▸ **TASK ITEM**: Your answer must be the exact lines below, starting with the line with "BUDDYEDDY WONDERFUL CLUB" and going on through the line with "Mashed Potato Pancakes collage", both included, with no pictures.
[RECORD EXCERPTS Boundary: Start]
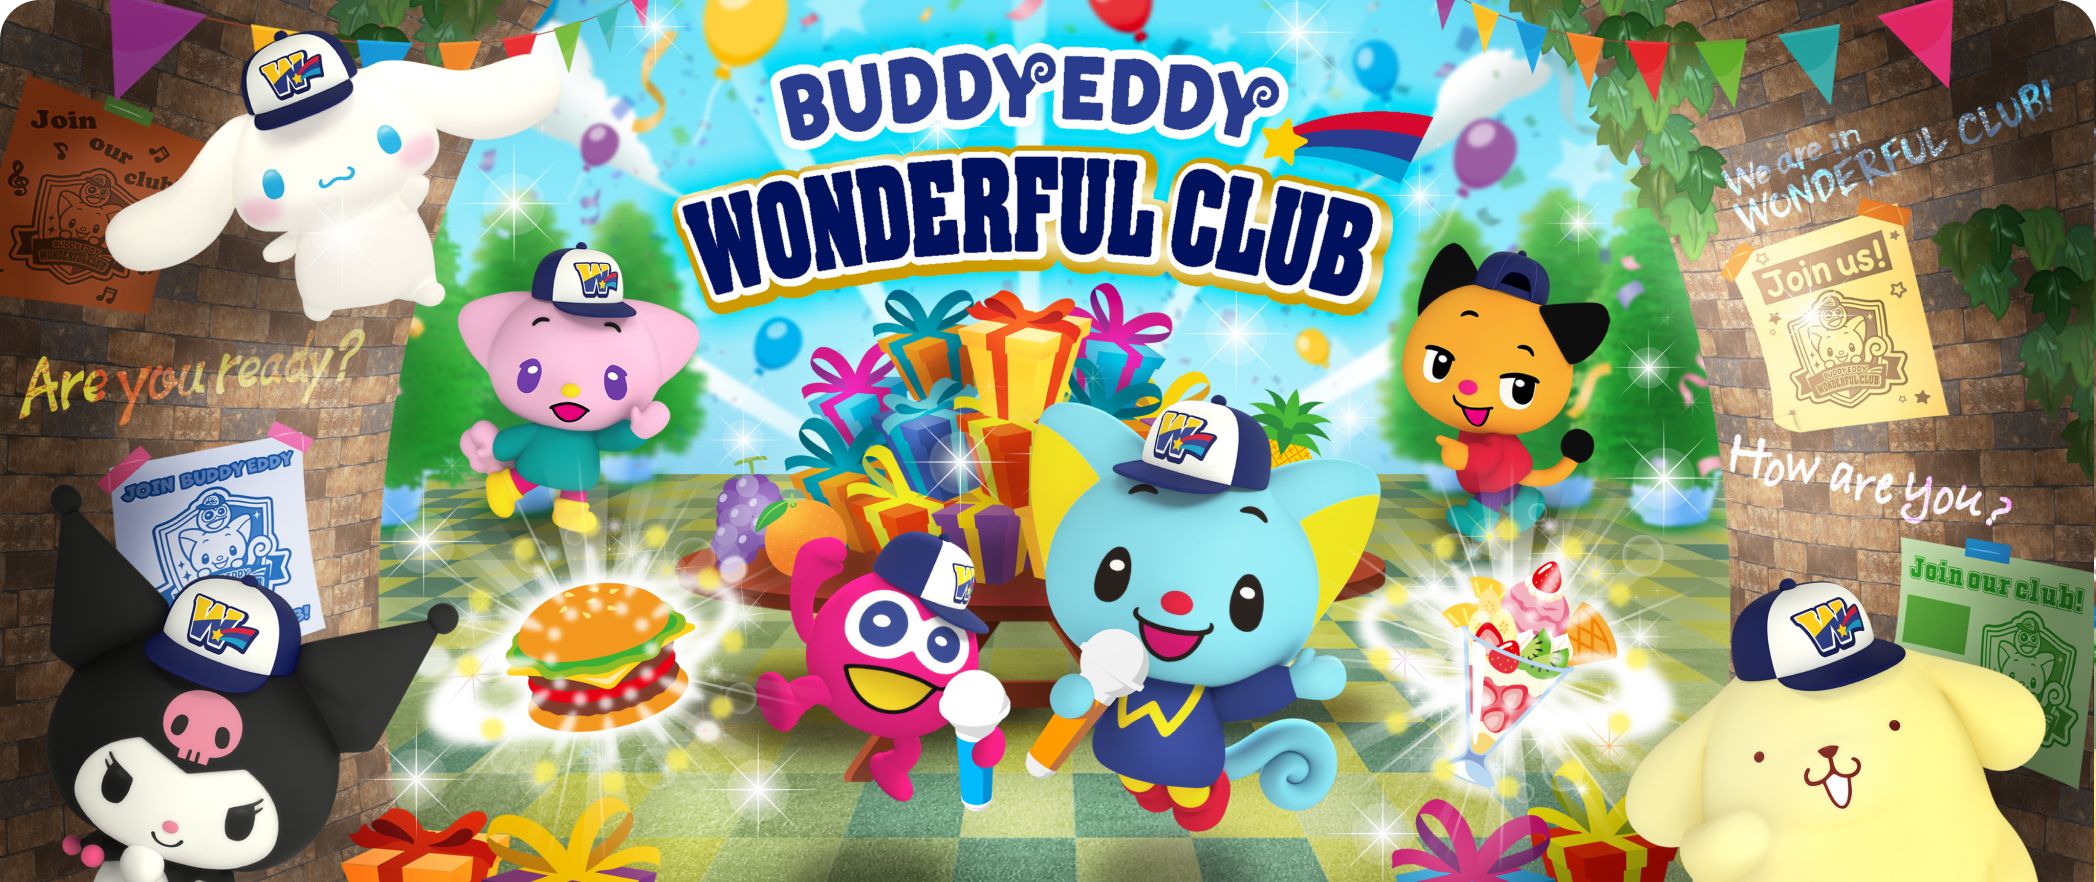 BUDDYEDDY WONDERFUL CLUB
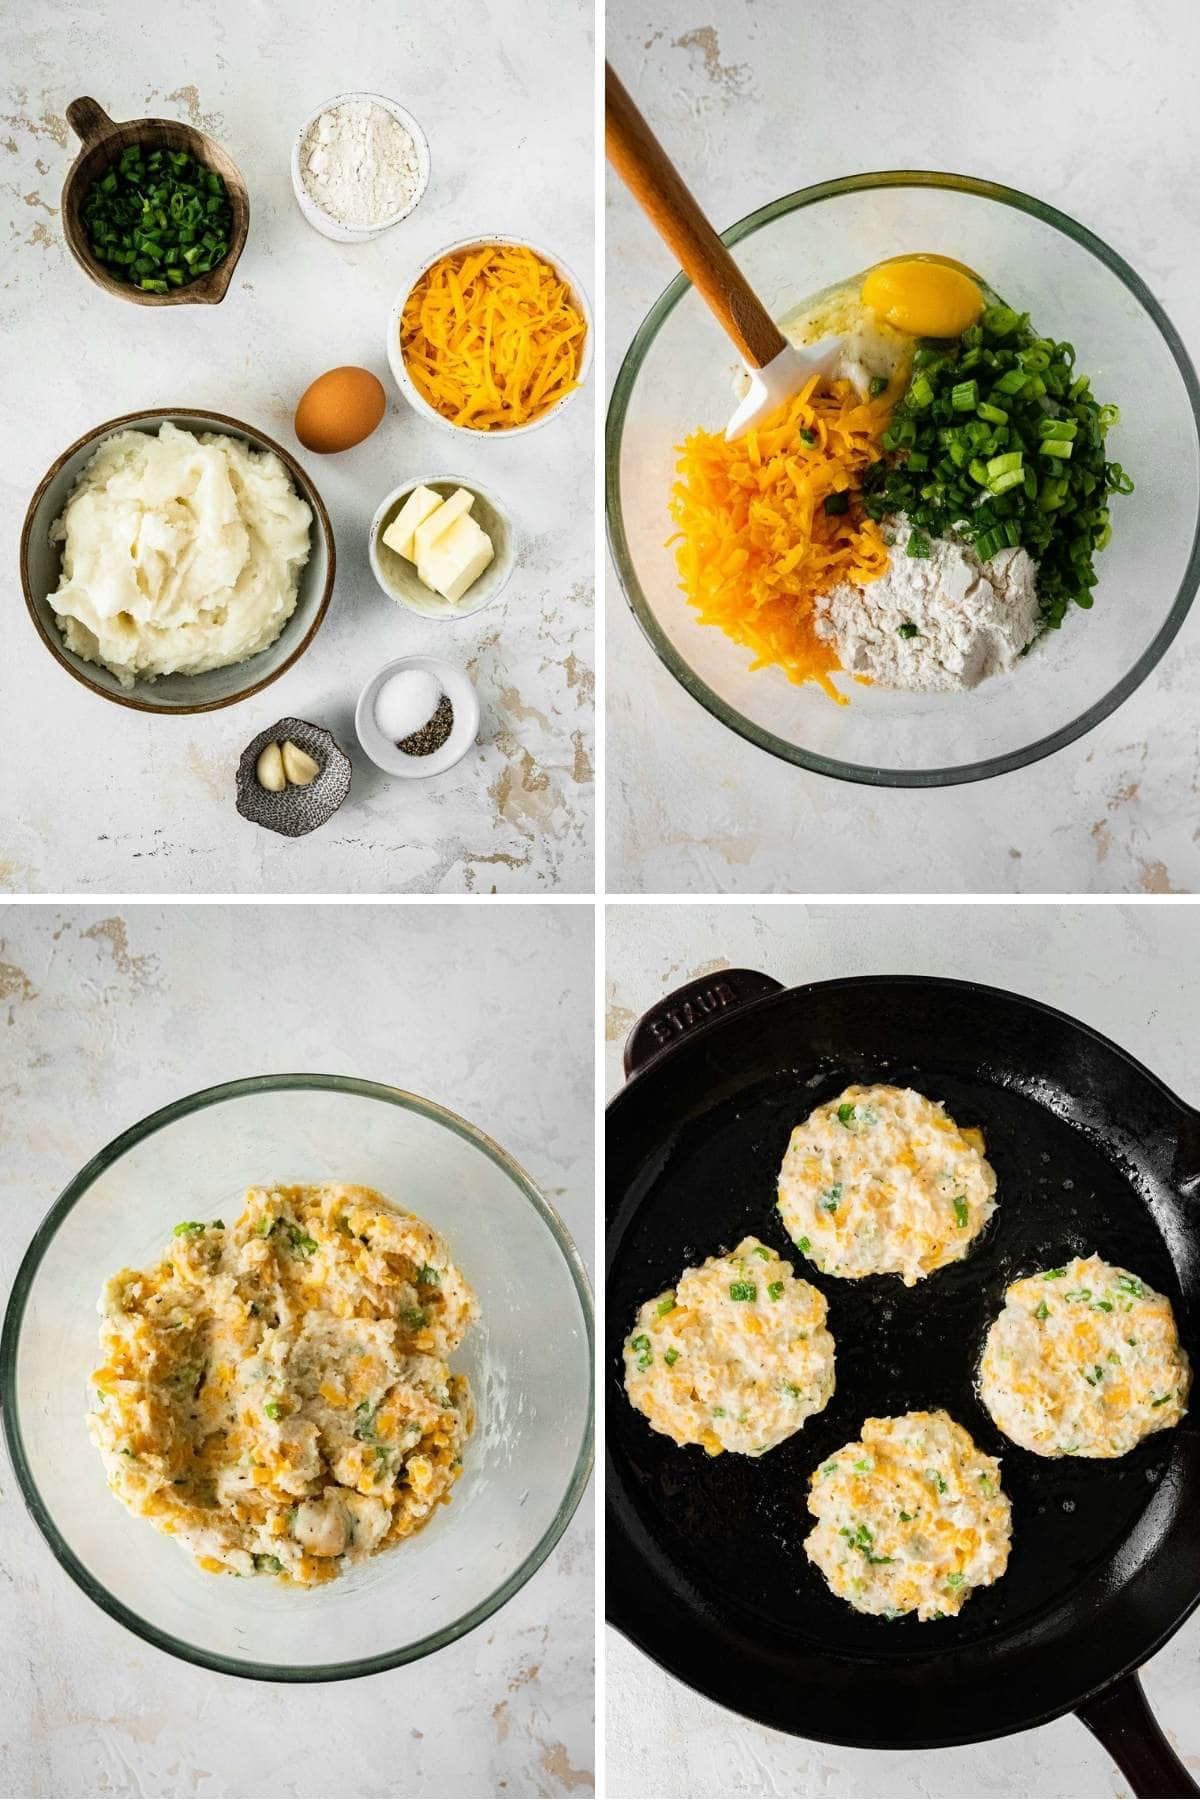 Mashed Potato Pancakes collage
[RECORD EXCERPTS Boundary: End]
[RECORD EXCERPTS Boundary: Start]
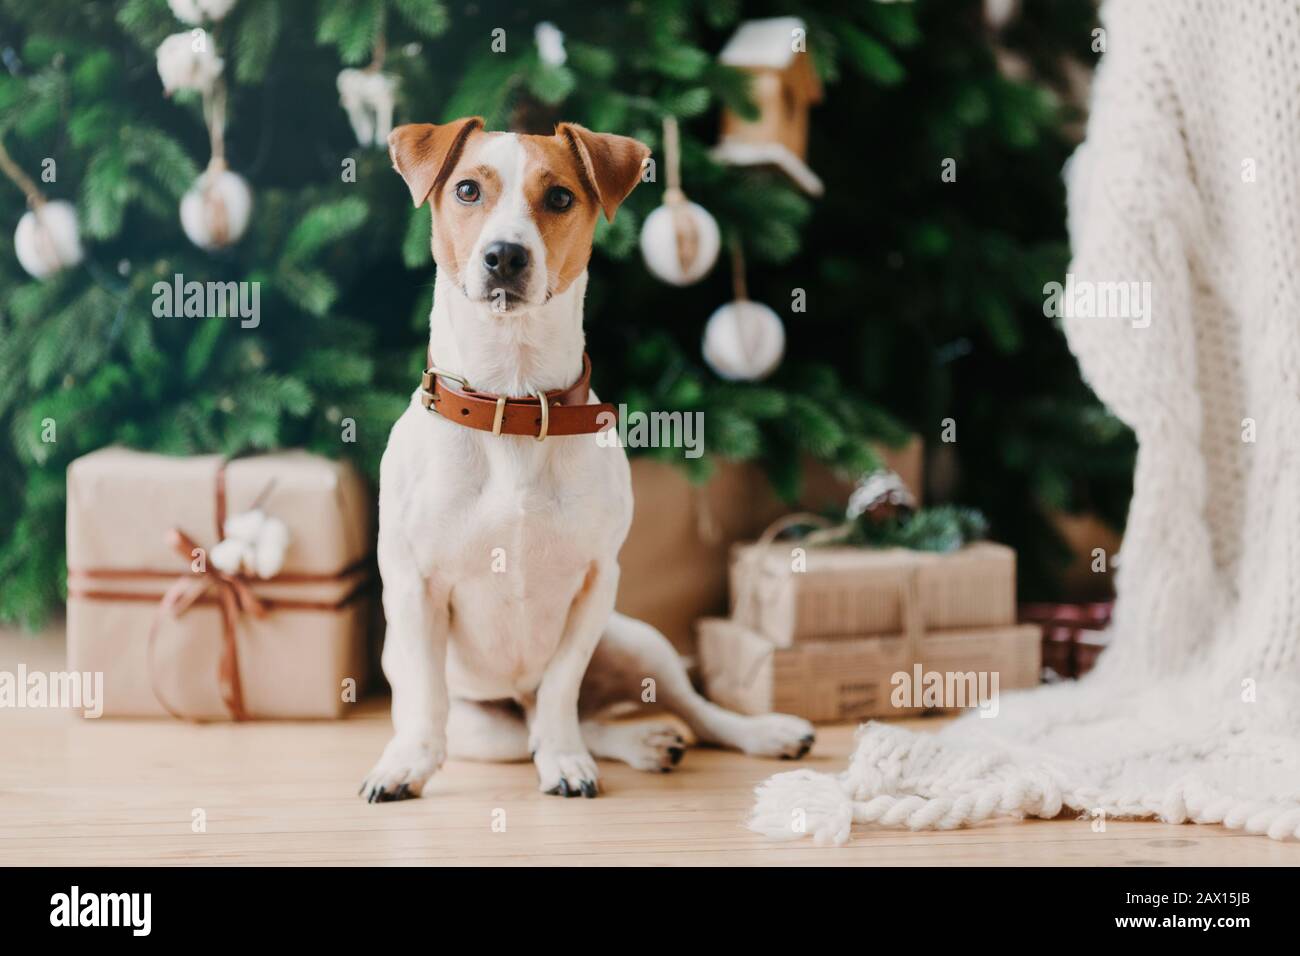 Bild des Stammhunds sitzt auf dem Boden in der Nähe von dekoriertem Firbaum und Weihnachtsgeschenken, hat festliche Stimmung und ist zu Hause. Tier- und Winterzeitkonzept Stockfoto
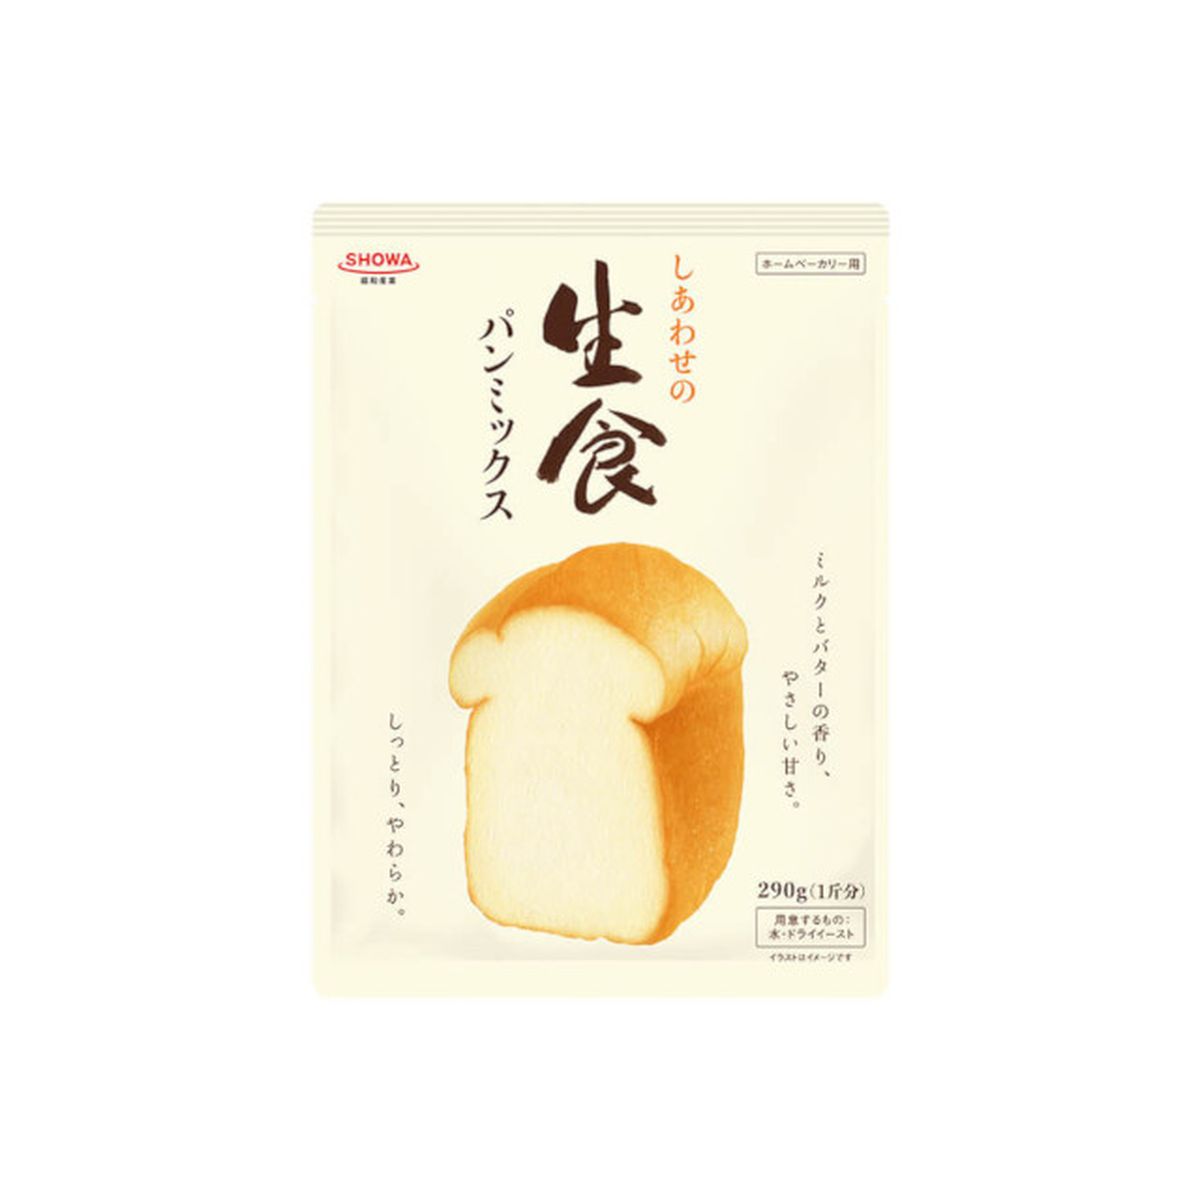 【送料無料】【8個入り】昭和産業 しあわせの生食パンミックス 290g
[RECORD EXCERPTS Boundary: End]
▸ **ANSWER BOX**:
 BUDDYEDDY WONDERFUL CLUB
 Mashed Potato Pancakes collage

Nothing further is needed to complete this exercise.